## Exercise
Your job is to give again, exactly and with no additions, the lines in the records below from the one with "Seamless retro damask" through the one with "Georgia O'Keeffe. Pineapple Bud", both included. Omit the pictures.

## Data for processing
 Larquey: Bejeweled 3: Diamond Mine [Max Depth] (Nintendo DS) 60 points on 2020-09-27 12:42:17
---
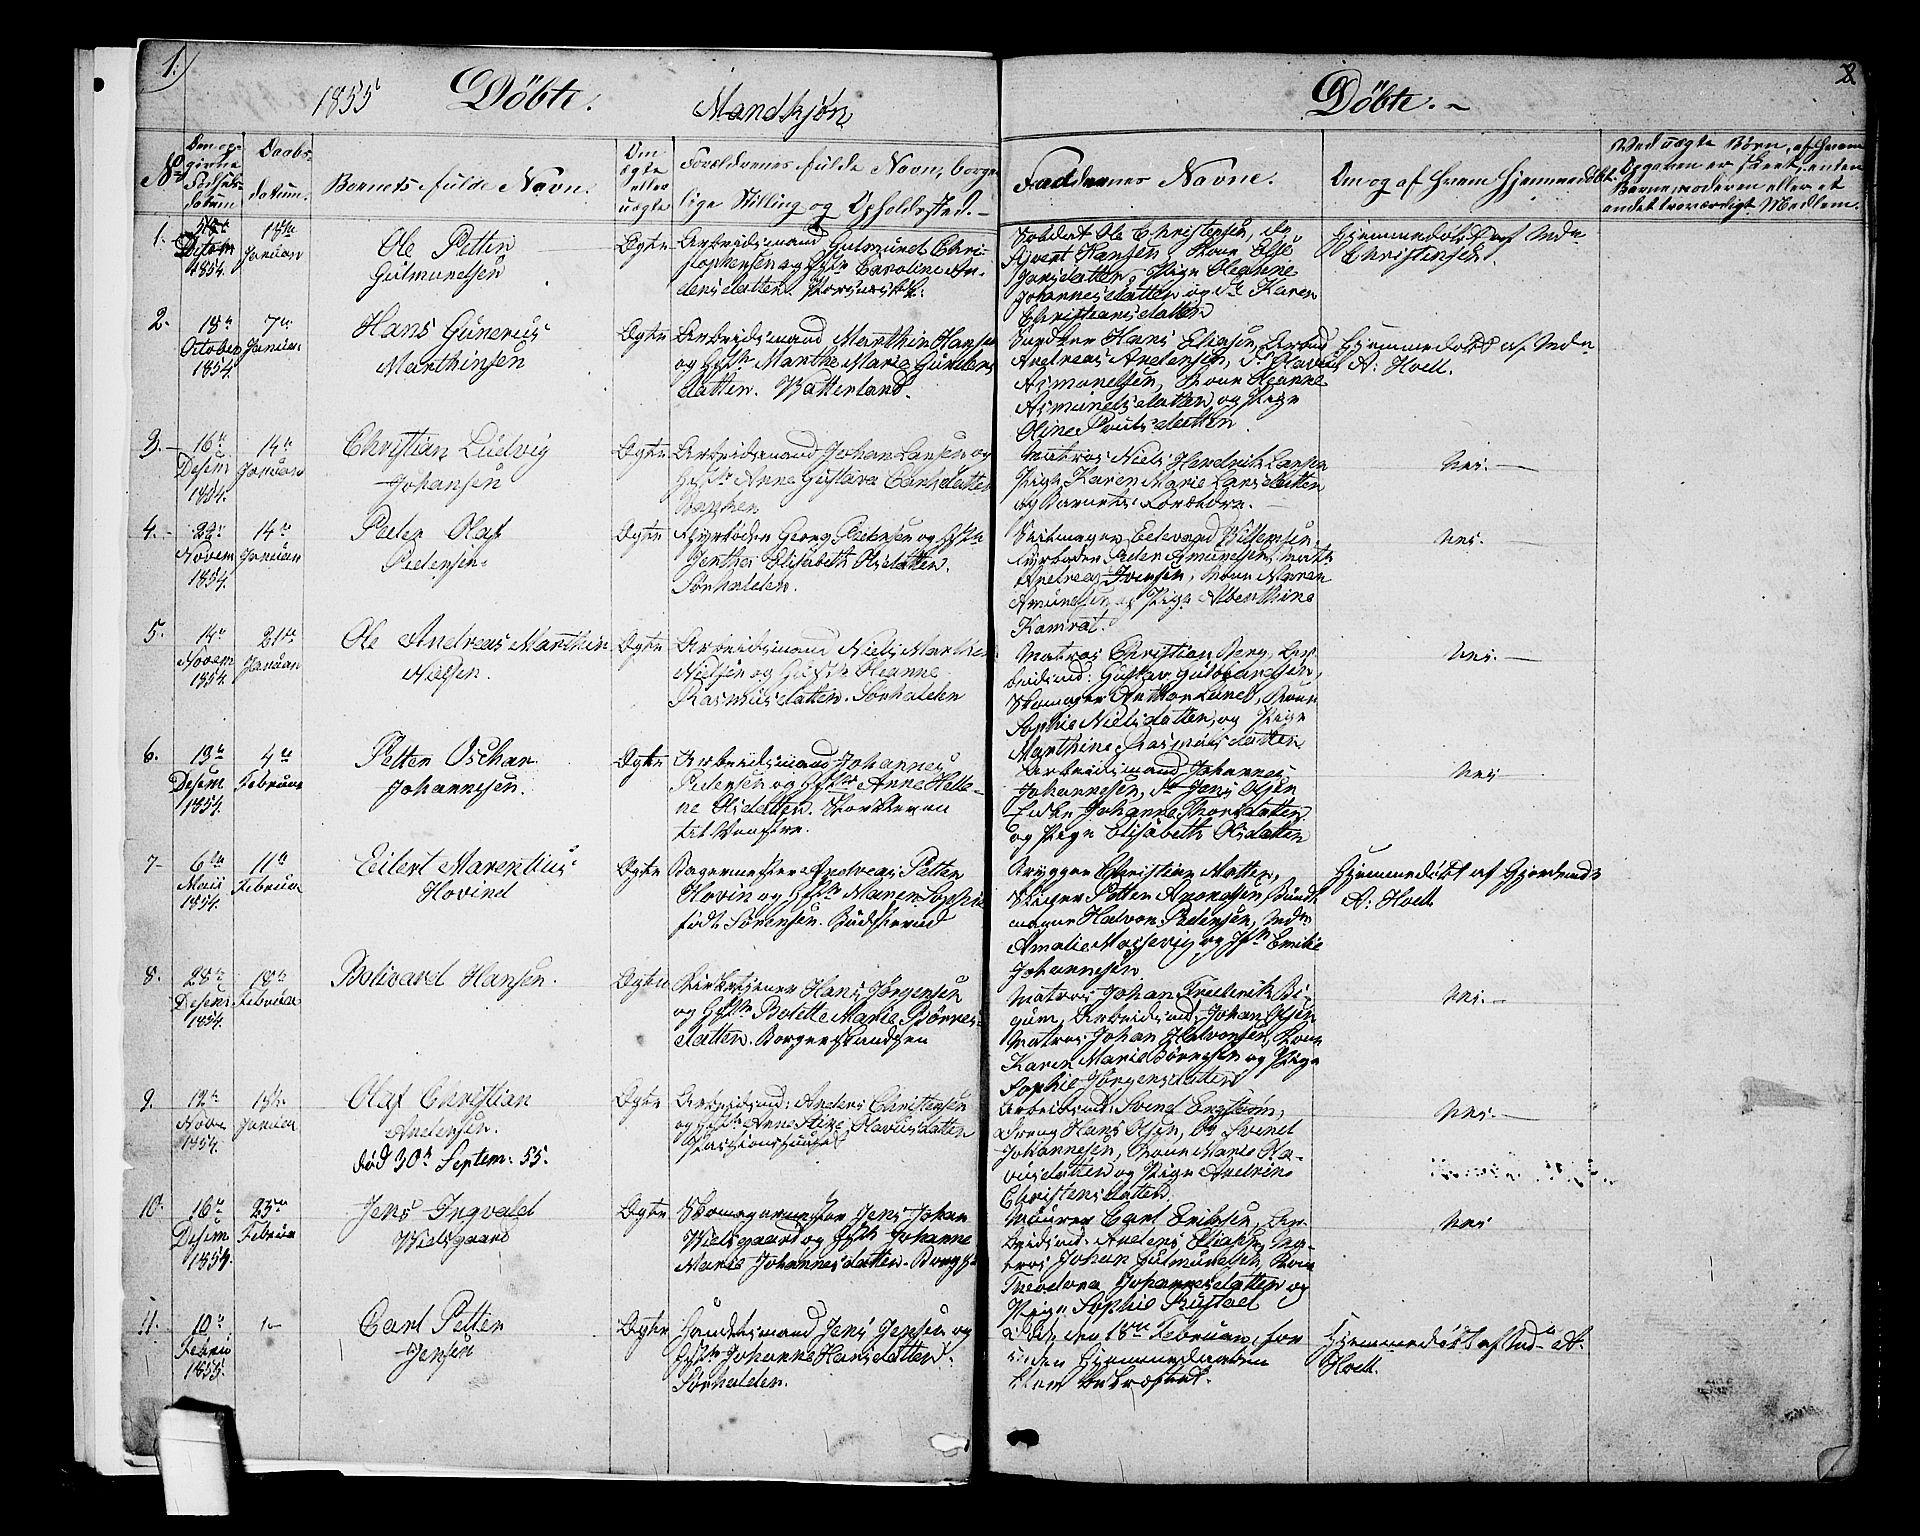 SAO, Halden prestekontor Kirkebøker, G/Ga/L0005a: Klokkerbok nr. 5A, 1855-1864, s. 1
---
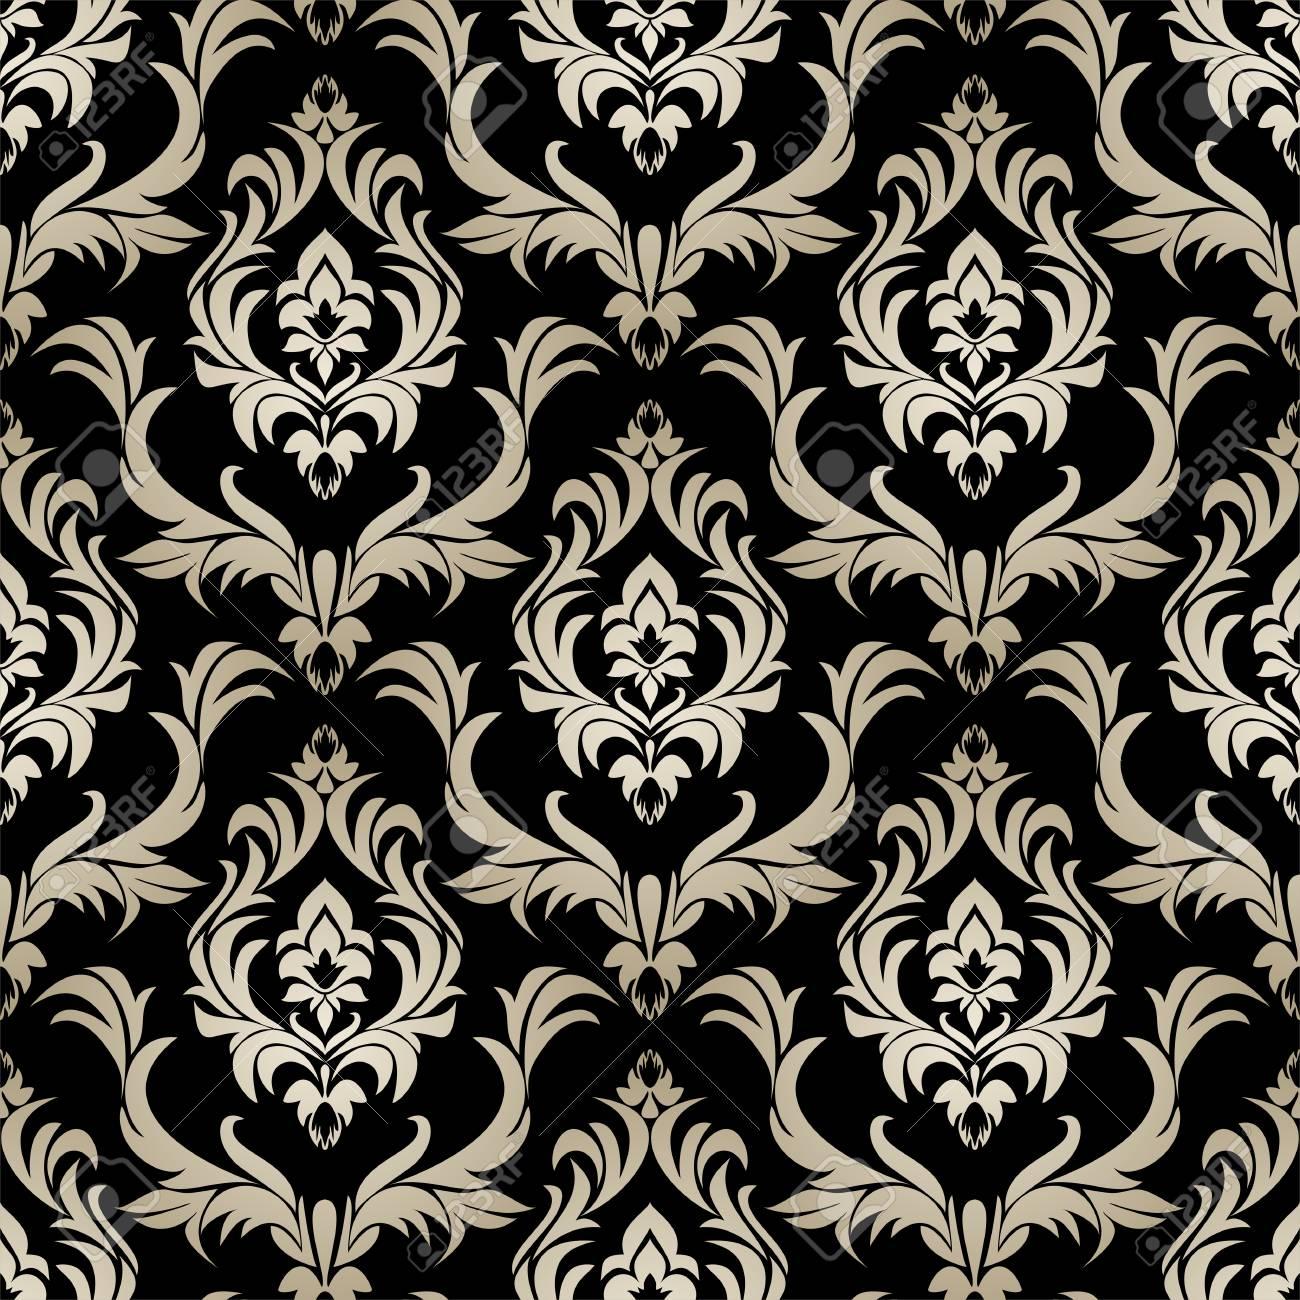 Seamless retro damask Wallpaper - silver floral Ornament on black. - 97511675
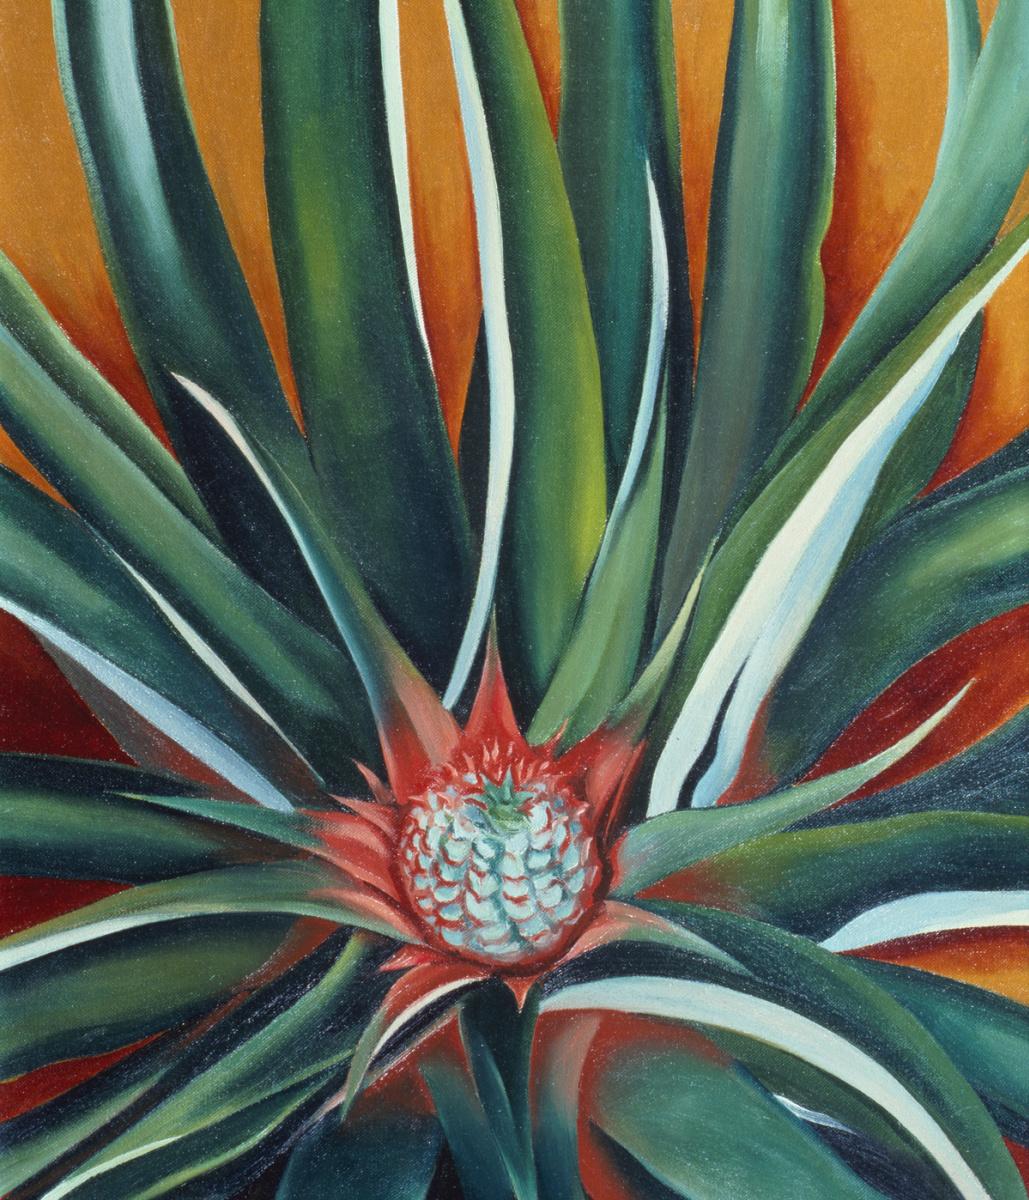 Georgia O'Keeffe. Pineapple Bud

## Response area
 Seamless retro damask Wallpaper - silver floral Ornament on black. - 97511675
 Georgia O'Keeffe. Pineapple Bud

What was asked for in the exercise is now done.